Si un rapport et une recommandation de l’APCE sont adoptés en avril 2019, cela renforcera ce mouvement européen en faveur d’une levée de l’anonymat du don de gamètes. Or, la marge d’appréciation laissée aux États par la CEDH sur les questions de société dépend notamment de l’existence d’un « consensus européen » dans la matière en cause et de la force de celui-ci. Considérant ce mouvement européen et la jurisprudence (voir supra), les requêtes d’Audrey Gauvin-Fournis et Clément Silliau pourraient amener les juges de Strasbourg à condamner la France pour violation du « droit à l’identité » des personnes conçues par PMA-anonyme. Le législateur français se verrait alors obligé de supprimer le caractère absolu de l’anonymat des dons de gamètes. Un tel arrêt de la CEDH influencerait ainsi la révision en cours des lois françaises de bioéthique[40], ce que le Comité consultatif national d’éthique (CCNE) a déjà anticipé[41].

Pour soutenir la quête identitaire des deux requérants et demander l’interdiction de la PMA-anonyme, l’ECLJ a obtenu l’autorisation d’intervenir auprès de la Cour en soumettant des observations écrites. Notre démonstration s’est appuyée sur les droits de l’homme (voir supra), ainsi que sur les témoignages personnels de deux jeunes femmes conçues par PMA-anonyme, Joanna Rose et Stéphanie Raeymaekers, que nous avions invitées en conférence au siège des Nations unies le 6 mars 2018. L’ECLJ a rappelé dans ses observations que le droit international et ces témoignages sont en cohérence avec ce que nous révèle le droit naturel. En effet, si le désir d’avoir un enfant est profondément humain, la nature humaine qui fait naître le désir de devenir parent a aussi placé en l’enfant le besoin d’être élevé et aimé par ses véritables parents.
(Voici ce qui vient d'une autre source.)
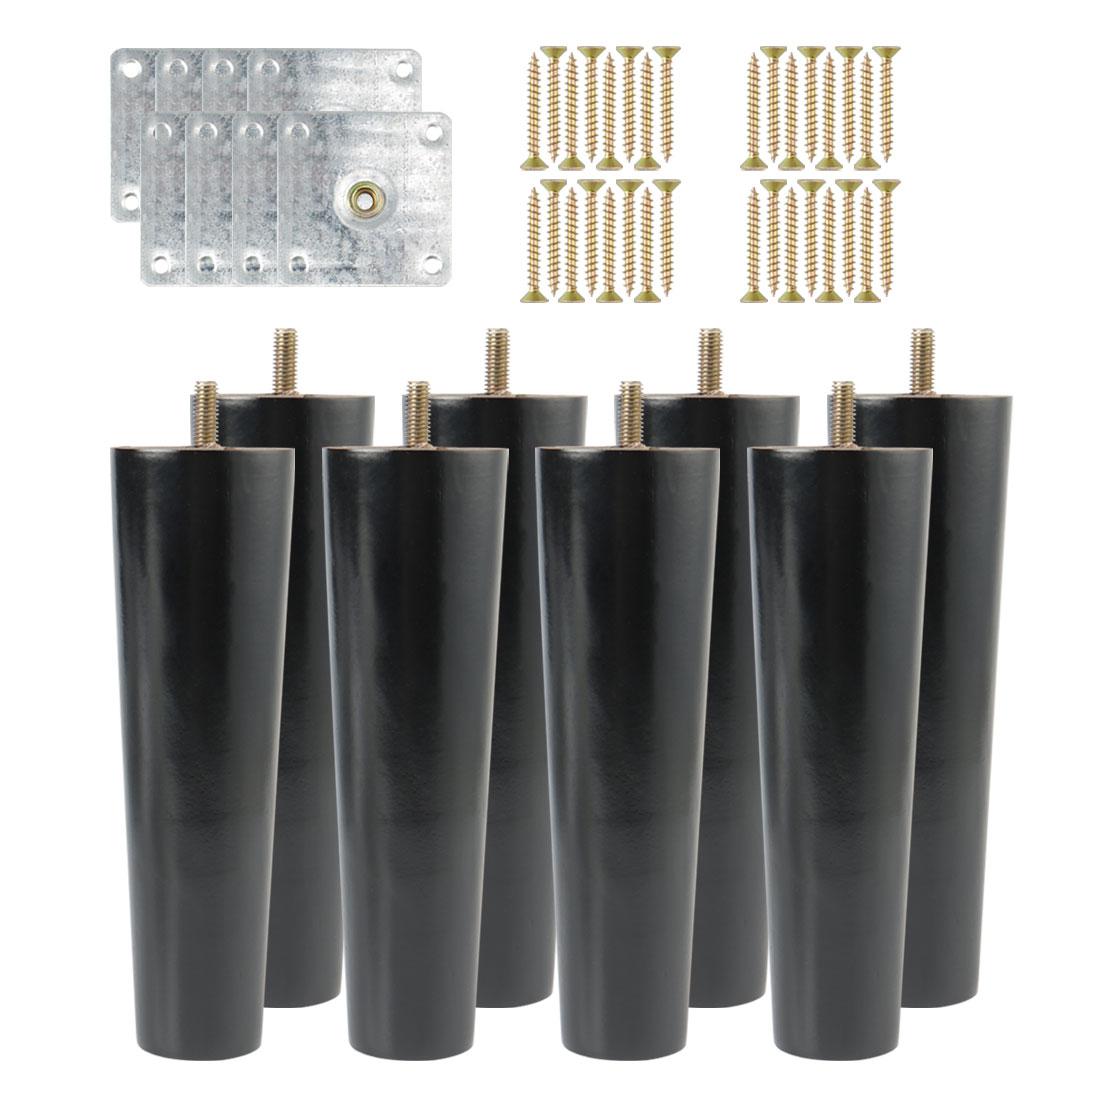 "7"" Solid Wood Furniture Leg Table Feet Hoist Adjuster Replacement Black Set of 8"

Un rapport et un projet de recommandation conformistes et insuffisants

Bien qu’ils approuvent une levée de l’anonymat, les parlementaires refusent pour le moment de reconnaître le droit des enfants conçus par PMA d’avoir accès à leurs origines dès leur naissance. En effet, le projet de recommandation précise que « l’identité du donneur ne serait pas révélée au moment du don à la famille, mais au 16ème ou 18ème anniversaire de l’enfant », avec le consentement de ce jeune adulte et du donneur[42]. Or, la Convention internationale des droits de l’enfant s’applique à « tout être humain âgé de moins de dix-huit ans, sauf si la majorité est atteinte plus tôt en vertu de la législation qui lui est applicable » (art. 1), et déclare explicitement que le droit de connaître ses parents est valable dès la naissance (art. 7-1). La Convention européenne des droits de l’homme doit être lue à la lumière la Convention internationale des droits de l’enfant, qui est le texte international ayant réuni le plus grand nombre de signatures et de ratifications.
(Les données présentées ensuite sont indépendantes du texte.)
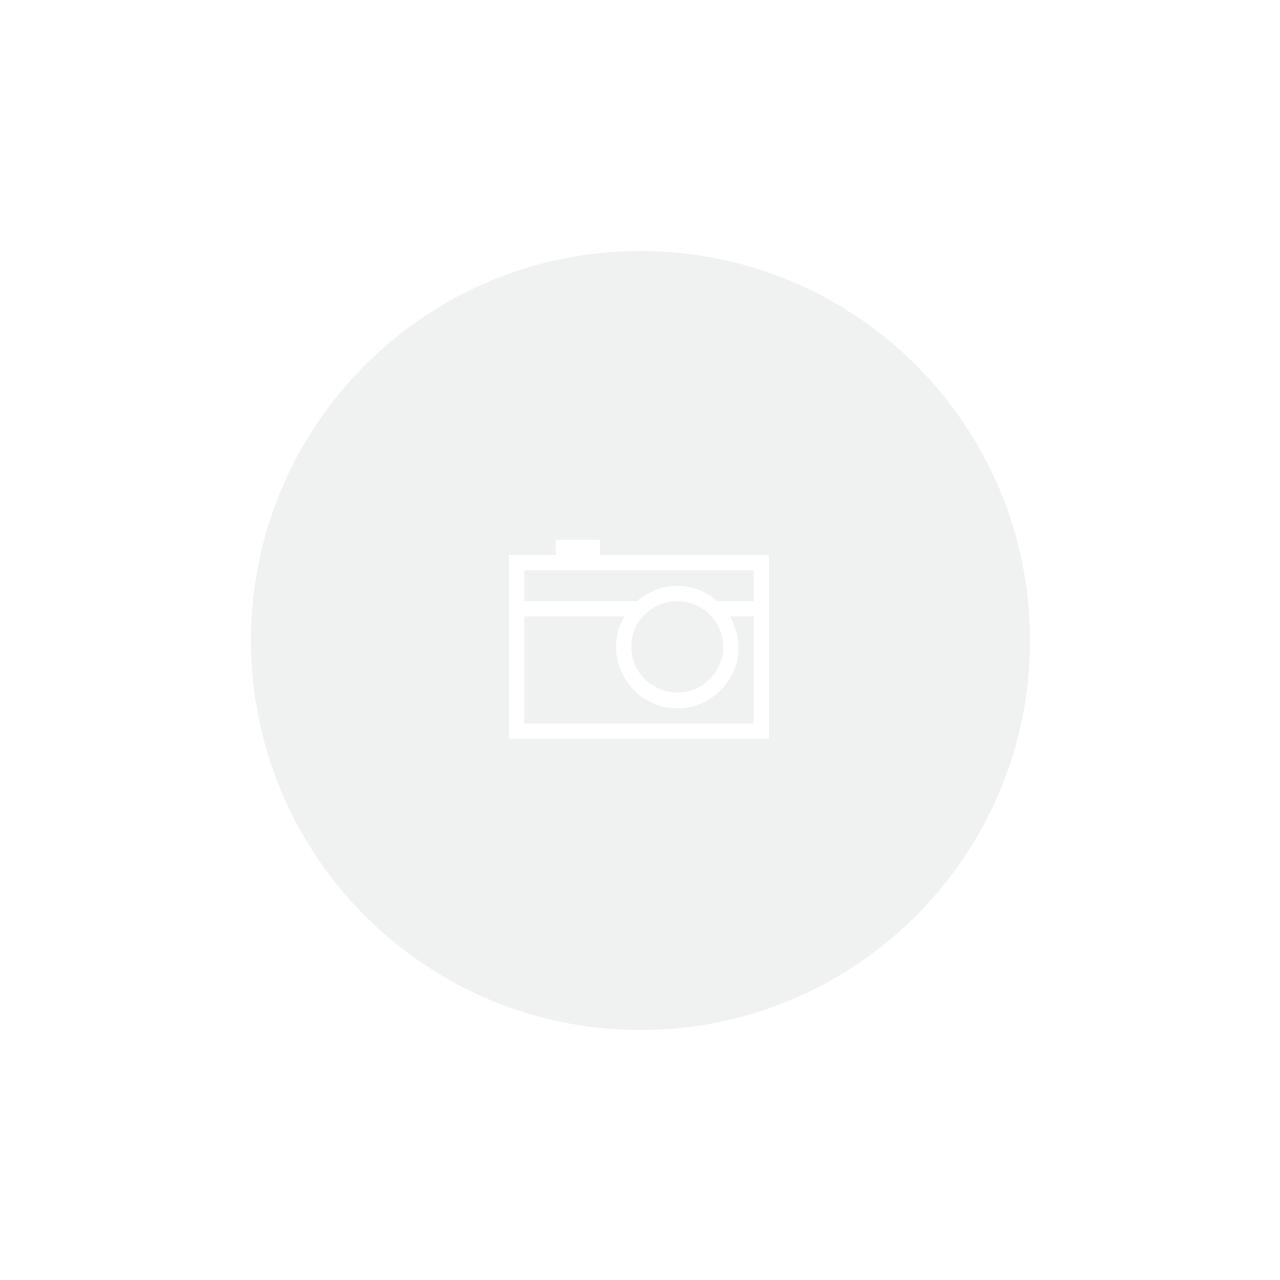 Papel Verniz Foglio 180g - 02

Le rapport et le projet de recommandation ajoutent encore que l’enfant conçu par PMA hétérologue n’a pas le droit de faire reconnaître juridiquement sa filiation réelle. Ils nient le lien de filiation unissant ces personnes à leurs parents biologiques. En effet, « la levée de l’anonymat ne devrait entraîner aucun changement au niveau de la filiation juridique même lorsque le donneur a accepté la démarche »[43] ; ou encore, « la renonciation à l’anonymat ne devrait avoir aucune conséquence juridique sur la filiation »[44]. Cette dissociation délibérée et préméditée entre les composantes biologique et juridique de la filiation est contraire au droit reconnu par la CEDH « de faire reconnaître son ascendance »[45], ainsi qu’au droit de l’enfant consacré par la Convention internationale des droits de l’enfant, « dans la mesure du possible, (…) d’être élevé par [ses parents biologiques] » (art. 7-1).
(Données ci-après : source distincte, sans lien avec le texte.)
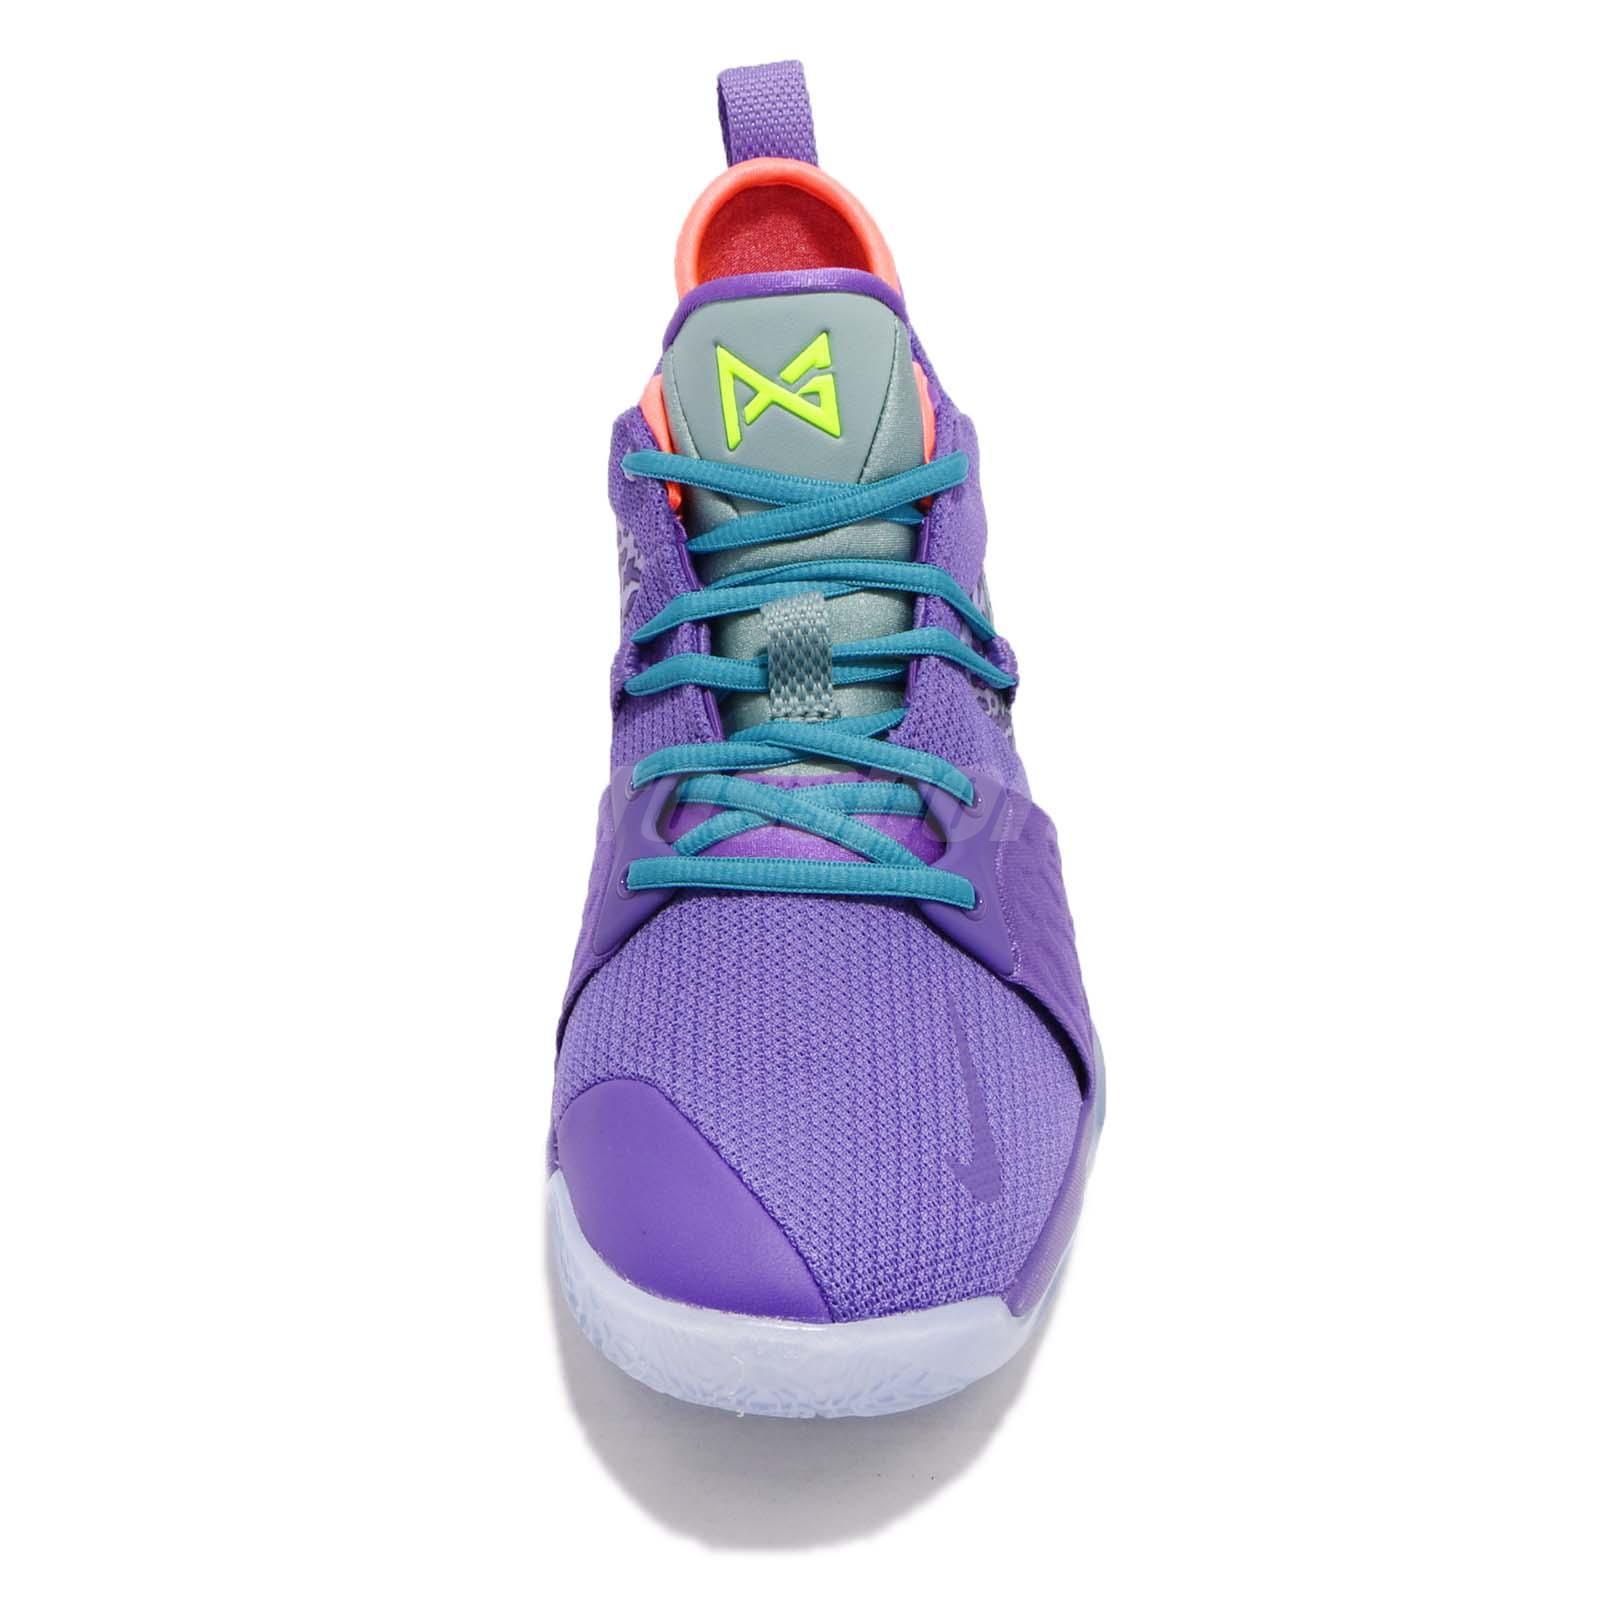 84e1469ef24 Nike PG 2 MM EP II Paul George Mamba Mentality Purple Men Basketball ...

Si le projet de recommandation est adopté tel quel, cela signifie que l’APCE valide la discrimination dont sont actuellement victimes les enfants nés de PMA. En effet, en règle générale, lorsqu’un enfant conçu naturellement a été valablement reconnu, il peut tout de même démontrer que la filiation établie n’est pas fondée sur la réalité biologique et intenter une action en recherche de paternité ou maternité. Les exceptions à ce principe visent à protéger la morale, par exemple en cas d’inceste absolu[46], ou alors la sécurité juridique de l’enfant, par la stabilité de son lien de filiation[47]. En raison de ces objectifs légitimes, au regard notamment de l’intérêt de l’enfant, ces exceptions sont conformes au droit européen[48]. Dans le cas des enfants nés de PMA, en revanche, la loi impose l’établissement de la filiation à l’égard du couple receveur et prohibe l’existence de tout lien entre l’enfant et ses parents biologiques[49]. Le cas peut se produire où l’enfant conçu par don et son géniteur veulent l’établissement du lien de filiation entre eux, mais s’en trouveraient empêchés alors même que les relations entre l’enfant et son père légal auraient été rompues. Le fait que, par principe, ces enfants soient ainsi considérés comme une minorité exclue du droit de faire reconnaître sa filiation réelle constitue une discrimination fondée sur la naissance. Or, une telle discrimination viole le droit international, notamment l’article 14 de la Convention européenne des droits de l’homme[50].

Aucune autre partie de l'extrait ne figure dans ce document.